◆ What the task requires ◆
Lines from the opening of the material through the line containing "horizontales Valentinsbanner mit" must be duplicated word for word. Pictures are not.

◆ Extracted data ◆

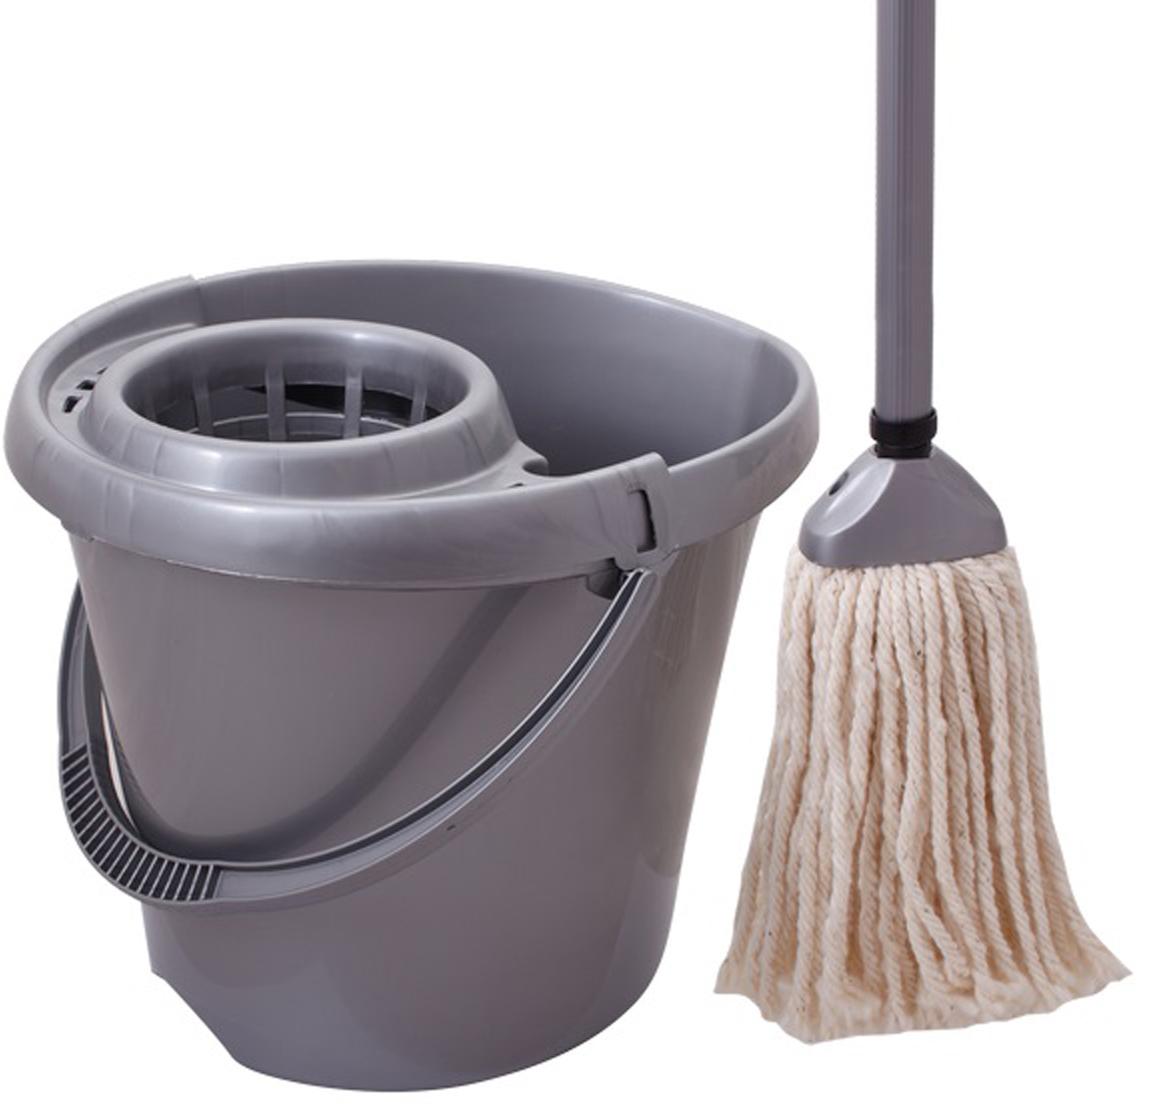 Комплект для влажной уборки Svip Моп, цвет: серебристый литье chi vietnam r8 18 19 a4l a6l a8l q5 r8 tt
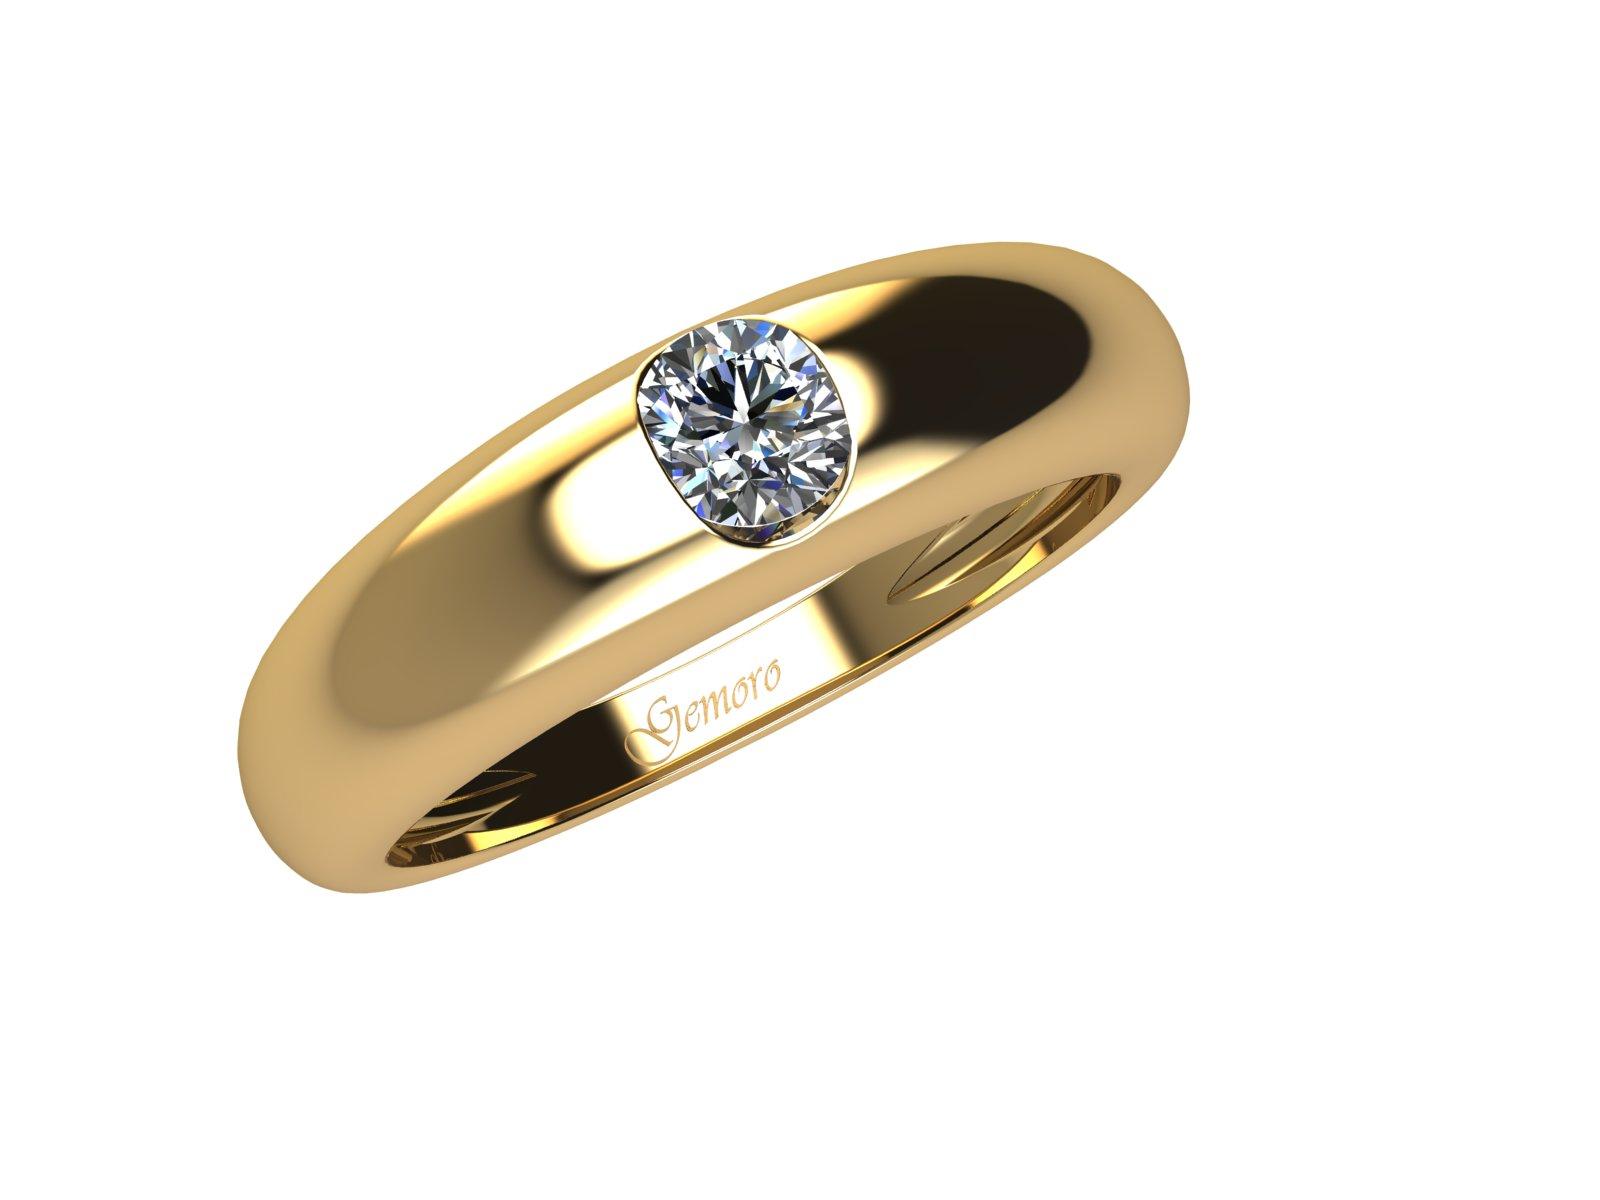 SS737GIA.08 – Anello in oro giallo 18kt con Diamante Naturale taglio Brillante
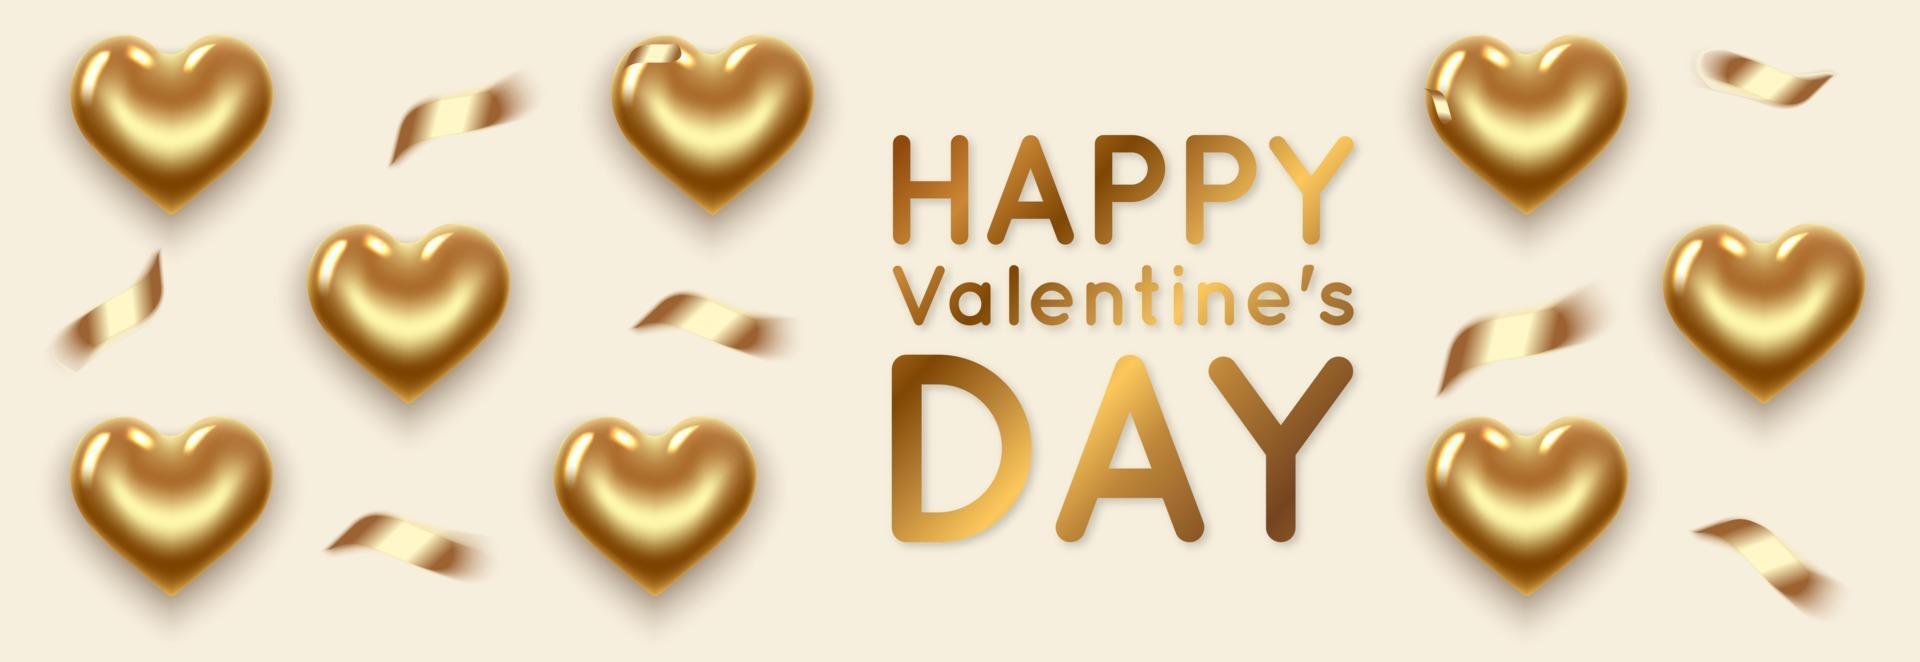 horizontales Valentinsbanner mit goldenen Herzen vektor
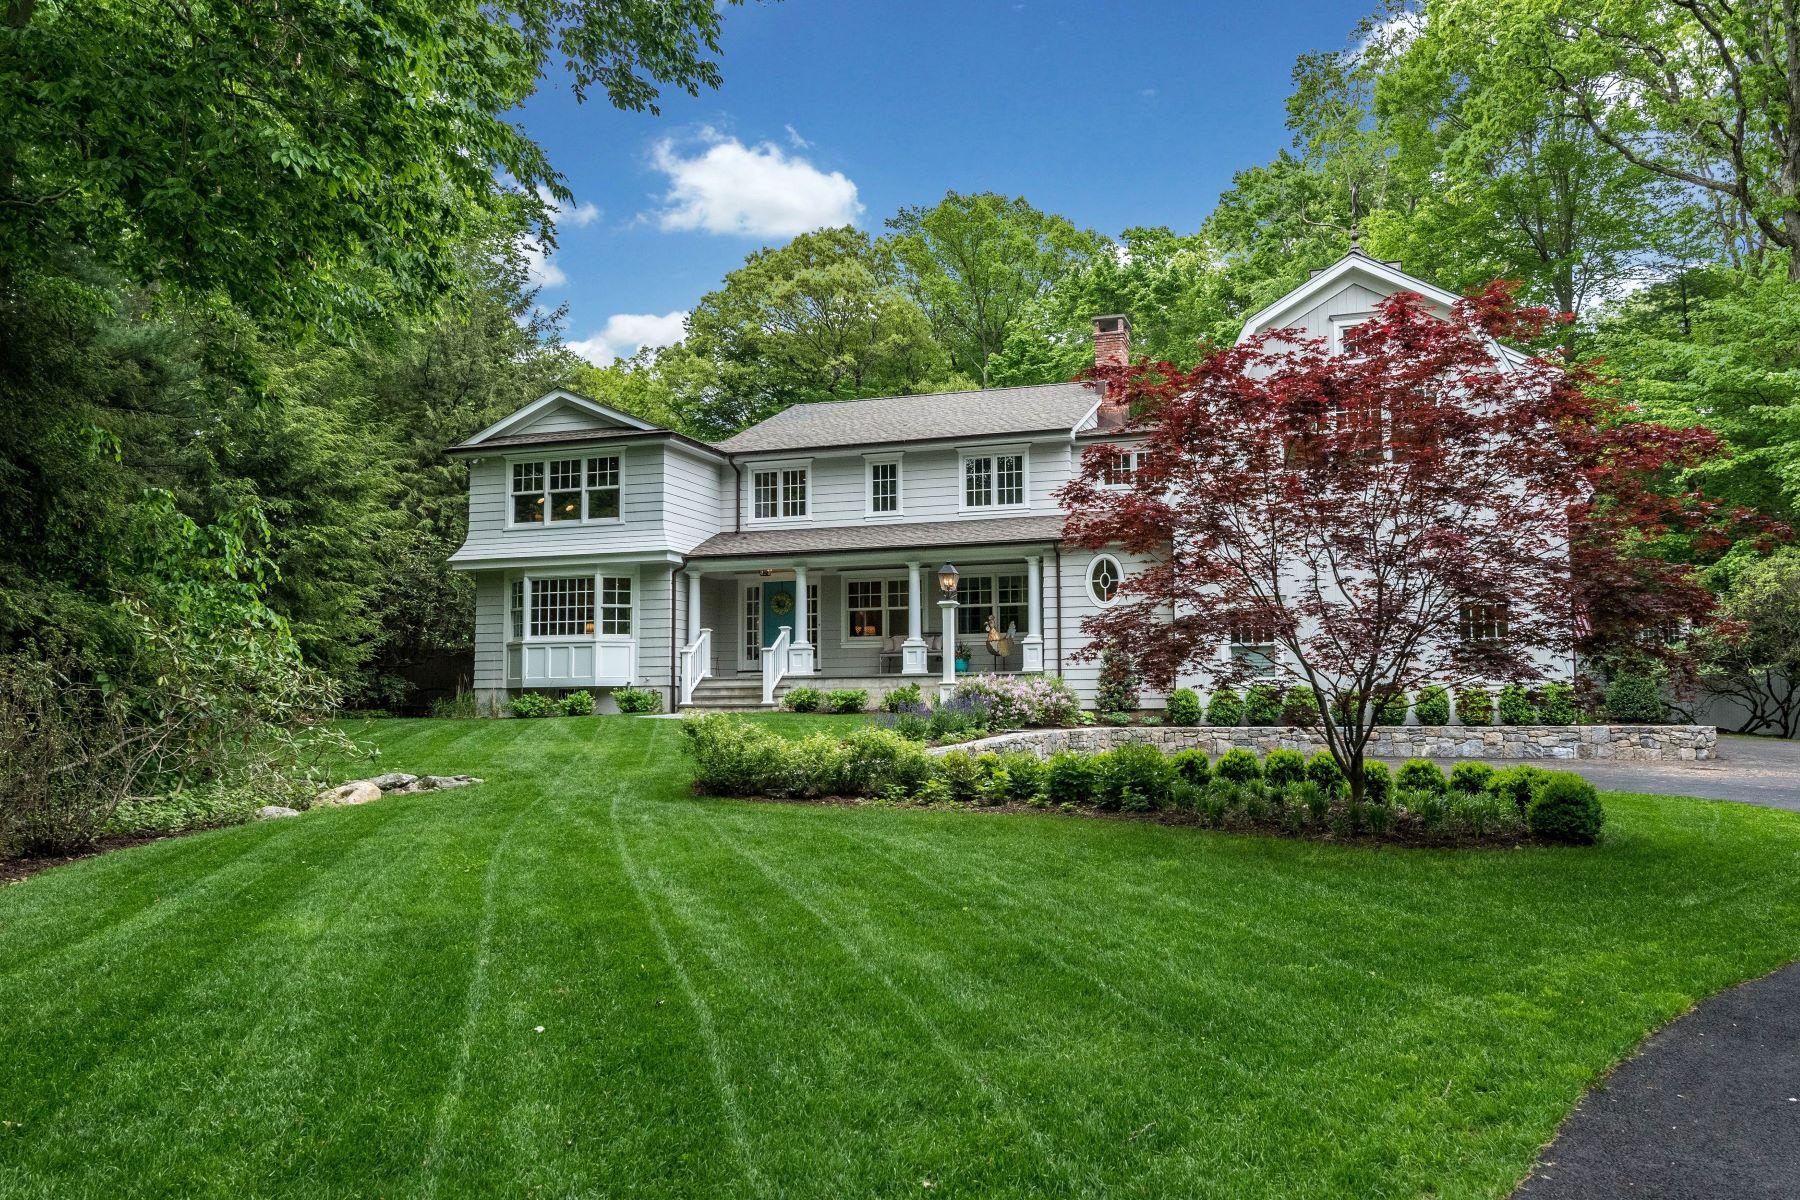 Частный односемейный дом для того Продажа на 33 Crooked Mile Road 33 Crooked Mile Road Darien, Коннектикут 06820 Соединенные Штаты
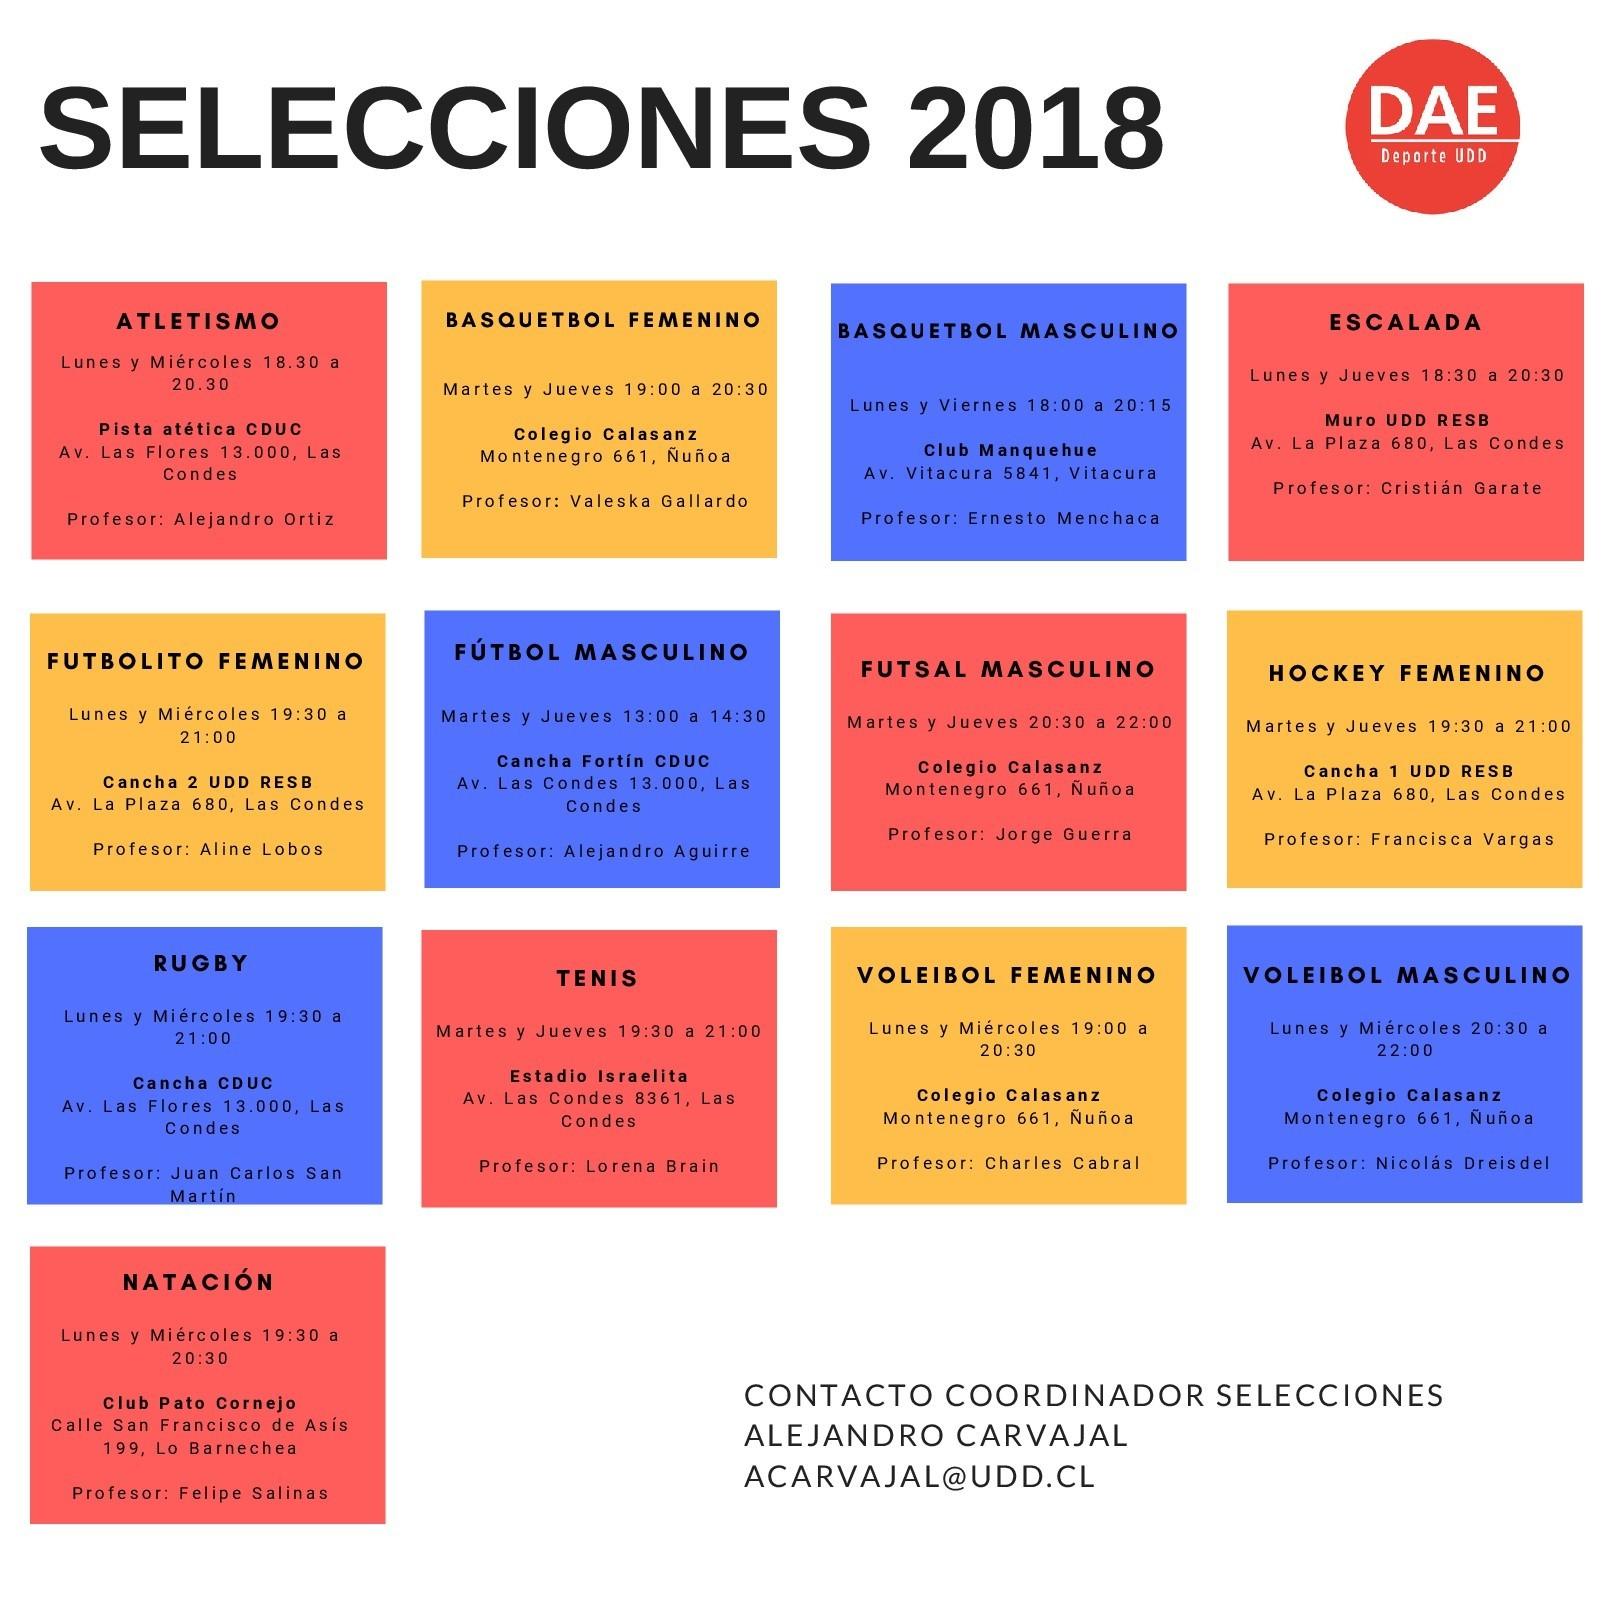 Calendario Laboral 2019 Madrid Imprimir Recientes Verificar Calendario Escolar 2019 Y 2019 Para Imprimir Of Calendario Laboral 2019 Madrid Imprimir Más Recientemente Liberado Imserso Instituto De Mayores Y Servicios sociales Octobre

◆ Written solution ◆
 Комплект для влажной уборки Svip Моп, цвет: серебристый литье chi vietnam r8 18 19 a4l a6l a8l q5 r8 tt
 SS737GIA.08 – Anello in oro giallo 18kt con Diamante Naturale taglio Brillante
 horizontales Valentinsbanner mit goldenen Herzen vektor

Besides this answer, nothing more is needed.